Патронов было всего один патронташ, много не настреляешь, поэтому я взял лопату и сначала часа полтора разгонял текучую, как ртуть, стаю, потом завел бульдозер и поставил его рядом с тушей мамонта. Гул двигателя отпугивал животных, но все равно держались они на расстоянии в тридцать шагов и постепенно смелели.
Между тем сель из раскопа все тек и тек, мамонт вытаивал, несмотря на брезент, а накрыть от солнца весь раскоп было нечем. К тому же трещавший бульдозер создавал вибрацию, помогал растеплению грунта и сам медленно погружался в грязь.
Я надеялся, что на третьи сутки ученые прилетят обязательно, поэтому надо день простоять да ночь продержаться. К тому же вечером приехал начальник экспедиции, привез продуктов, радиостанцию, две сотни патронов и сказал, что все в порядке, завтра высылает вертолет за учеными и уже запросил большой военный транспорт, чтобы взять мамонта на подвеску и доставить в Хатангу, где должен быть специальный грузовой самолет с запасом жидкого азота. Напоследок попросил отмыть тушу, чтобы перед учеными не ударить в грязь лицом, и уехал.
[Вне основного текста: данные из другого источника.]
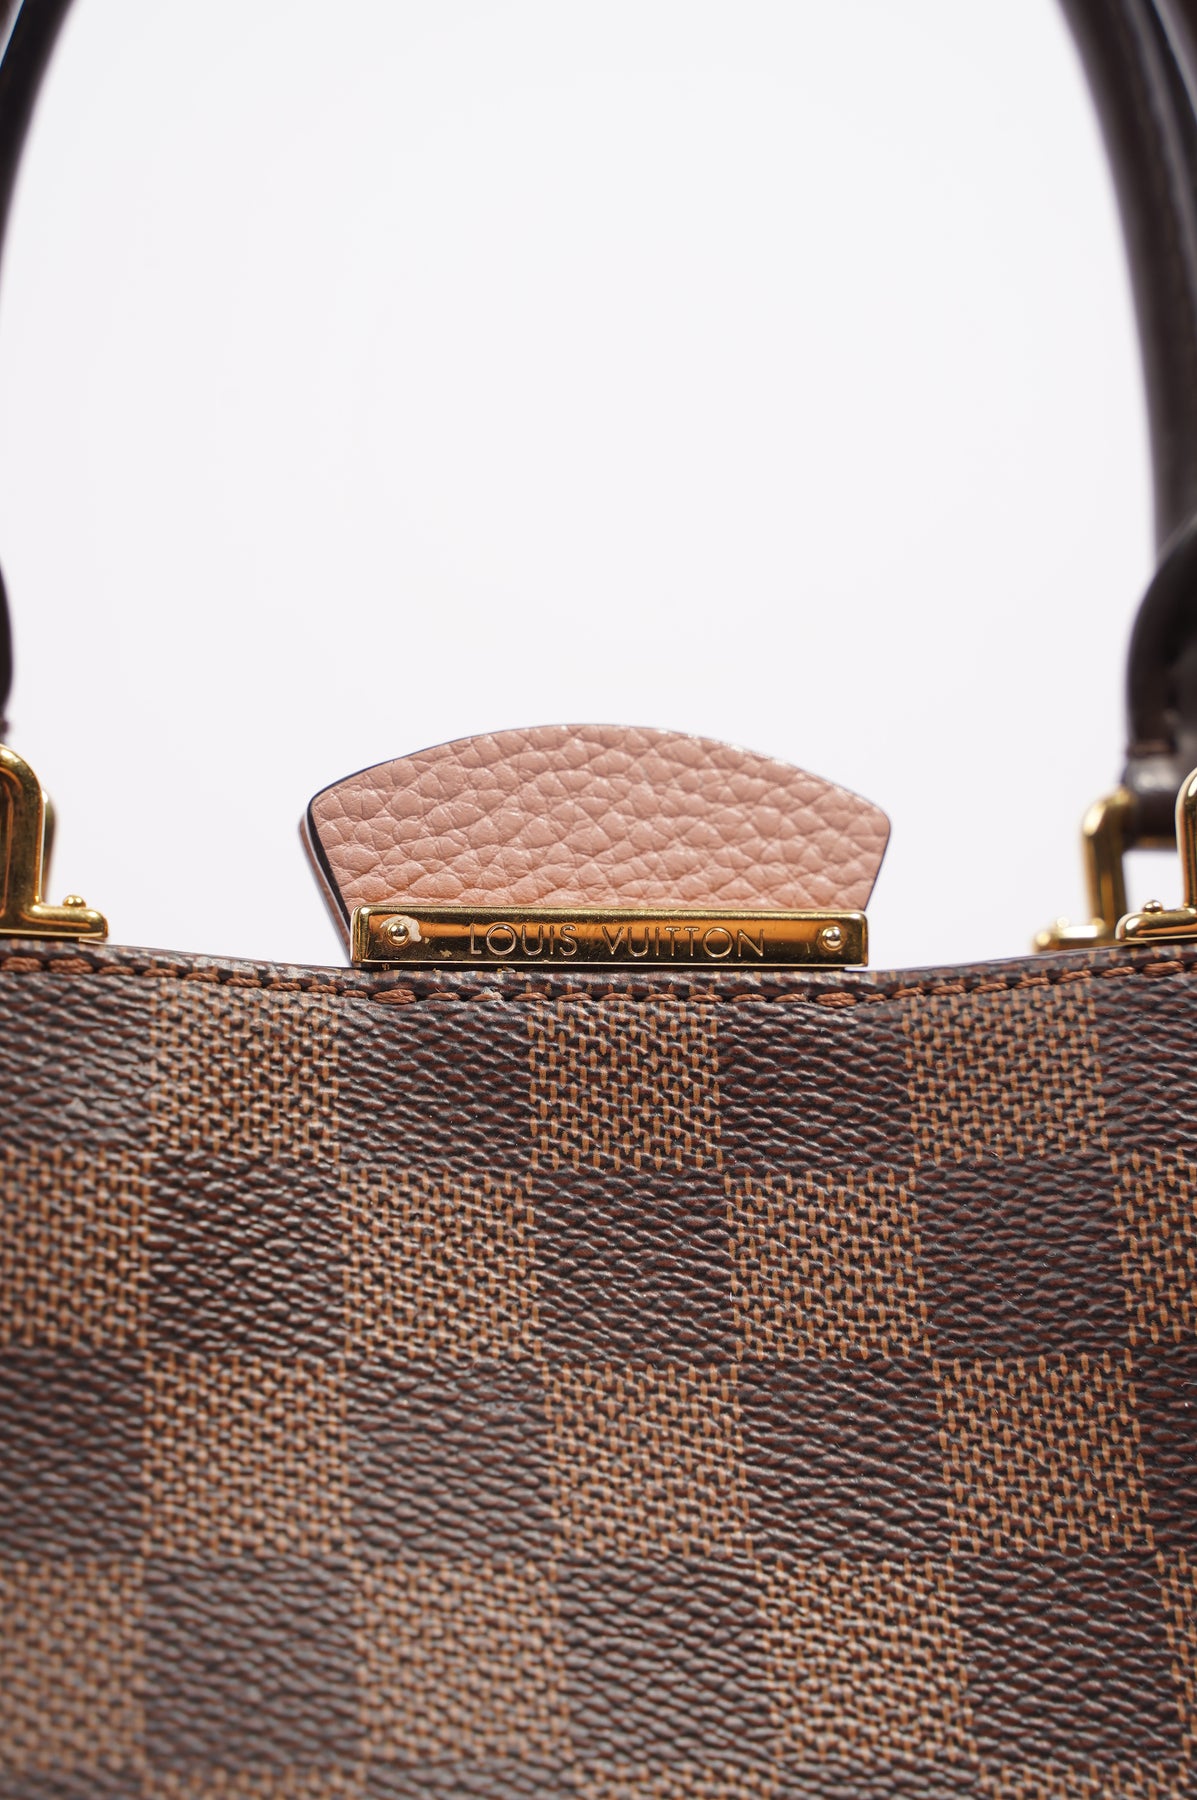 Capucines Handbag Louis Vuitton Beige In Wicker

Я считал, что никто в экспедиции о находке не знает, тем более начальник предупредил, чтоб все осталось в тайне, однако информация каким-то образом вылезла наружу (скорее всего через радиста, отправлявшего радиограммы), и ночью на берег пришли несколько наших и питерских геологов. Они много спрашивали о мамонте, и я не мог отказать им, взяв с них обещание о полном молчании. Они помогали таскать с речки воду и мыть мамонта, после чего сфотографировались возле него, попросили разрешения выщипнуть по маленькой прядке шерсти для талисманов, еще часа два гоняли палками песцов и ушли под утро.
И как только ушли, стая, разросшаяся до сотни, с визгом, воем и лаем устремилась к туше, невзирая даже на работающий бульдозер. Наиболее смелые подскакивали вплотную, и мне пришлось стрелять этих мелких, но прожорливых и довольно злобных тварей – они огрызались, скалились на меня и даже пытались укусить. В принципе их всех можно было перебить, но срабатывала крестьянско-охотничья натура – жалко портить, шкурка-то летом никуда не годится.